→ Your assignment
Reproduce all of the data below without alteration; exclude every picture.

→ Collected material
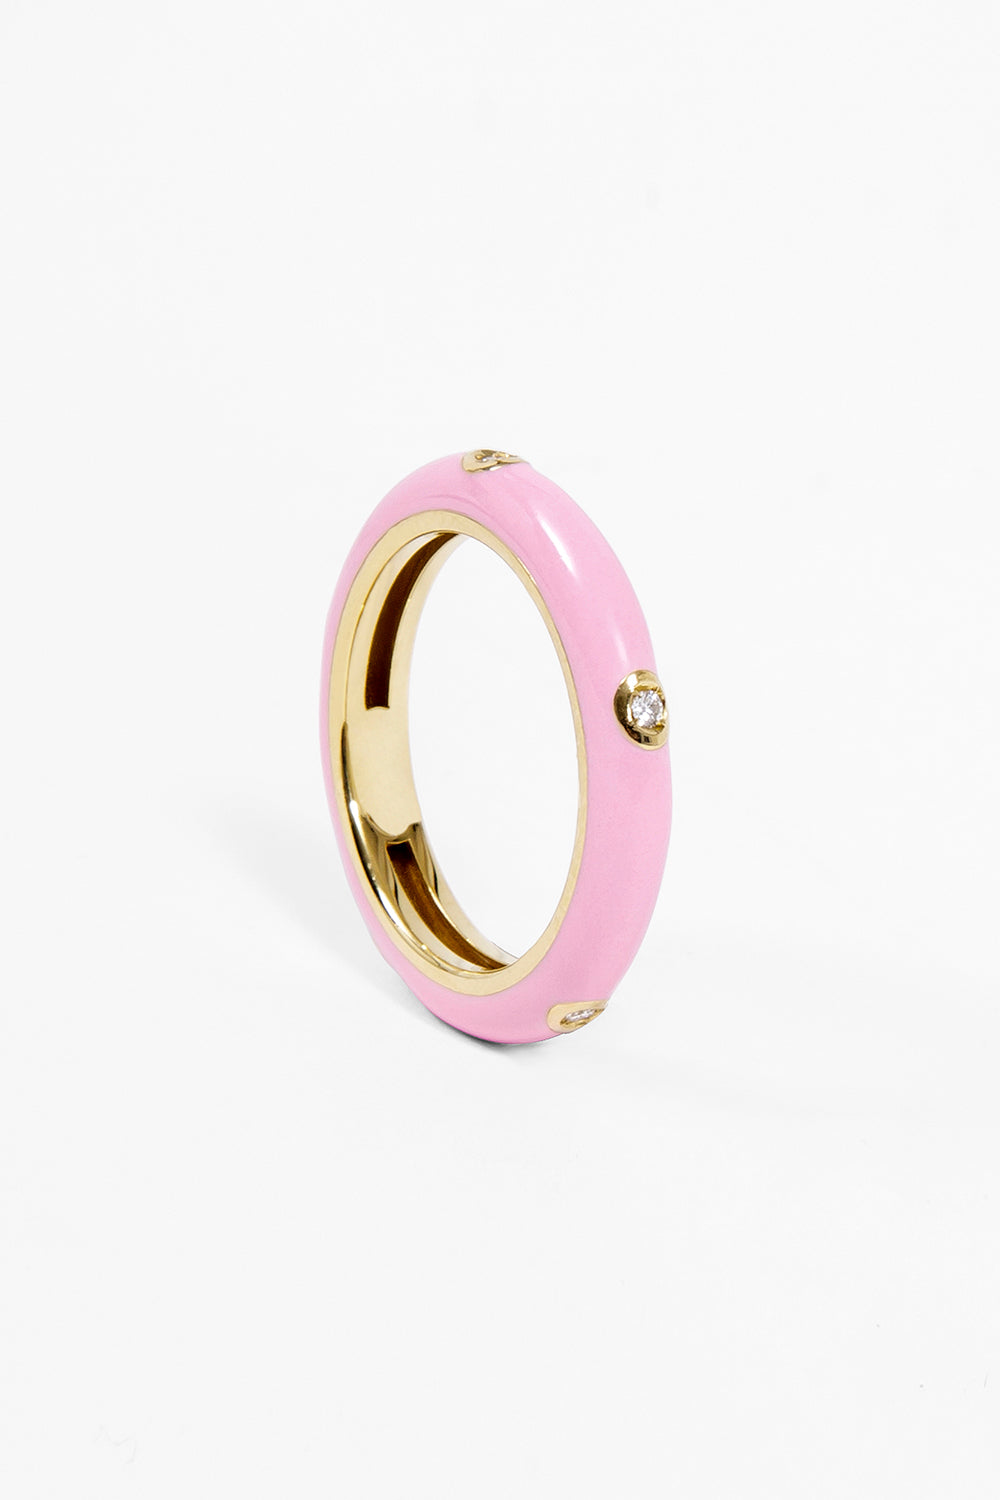 Enameled ring pink
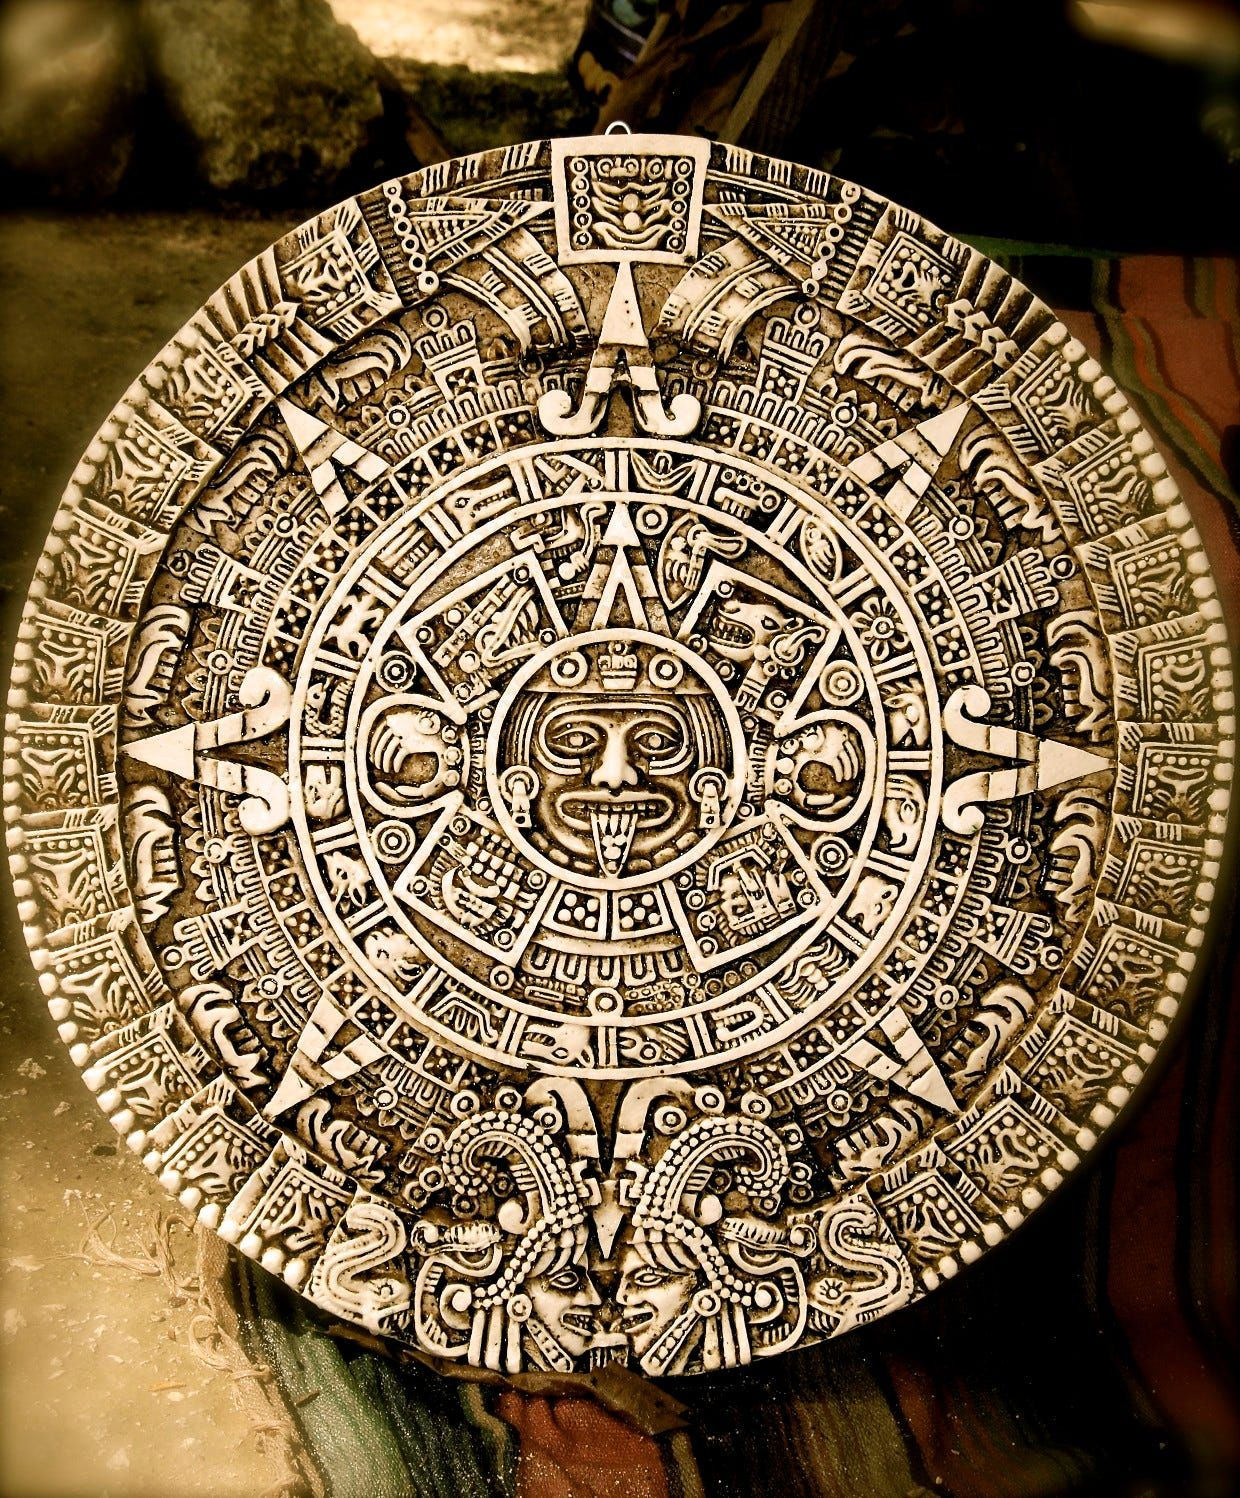 The Mayan Calendar That Ends Dec 21 2012 Mayan Art
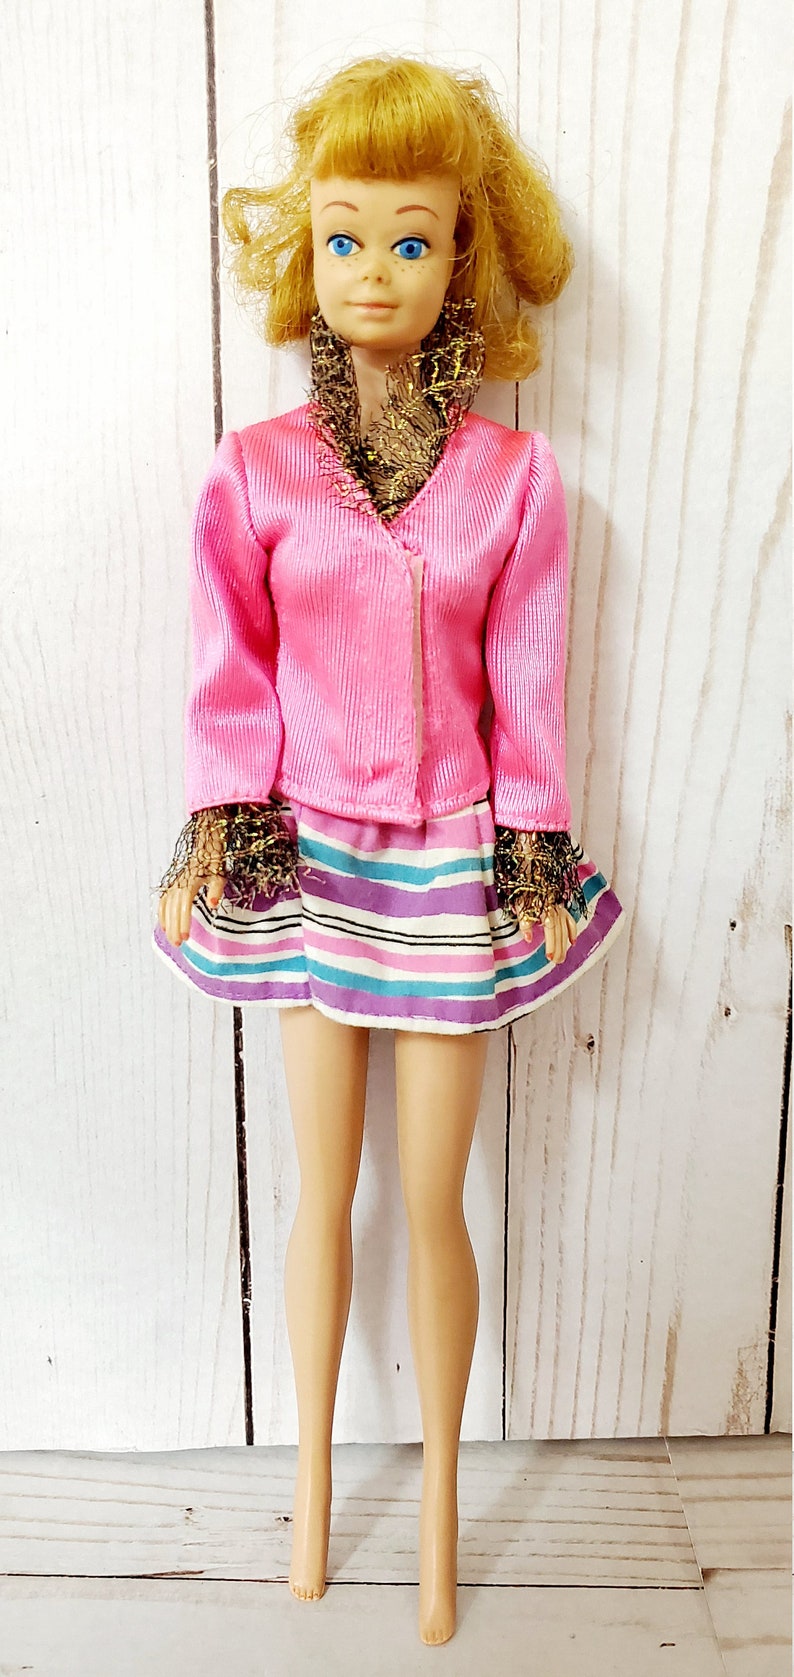 Vintage RARE Original 1958-1962 Freckled Blonde Midge Barbie | Etsy

→ Answer area
 Enameled ring pink
 The Mayan Calendar That Ends Dec 21 2012 Mayan Art
 Vintage RARE Original 1958-1962 Freckled Blonde Midge Barbie | Etsy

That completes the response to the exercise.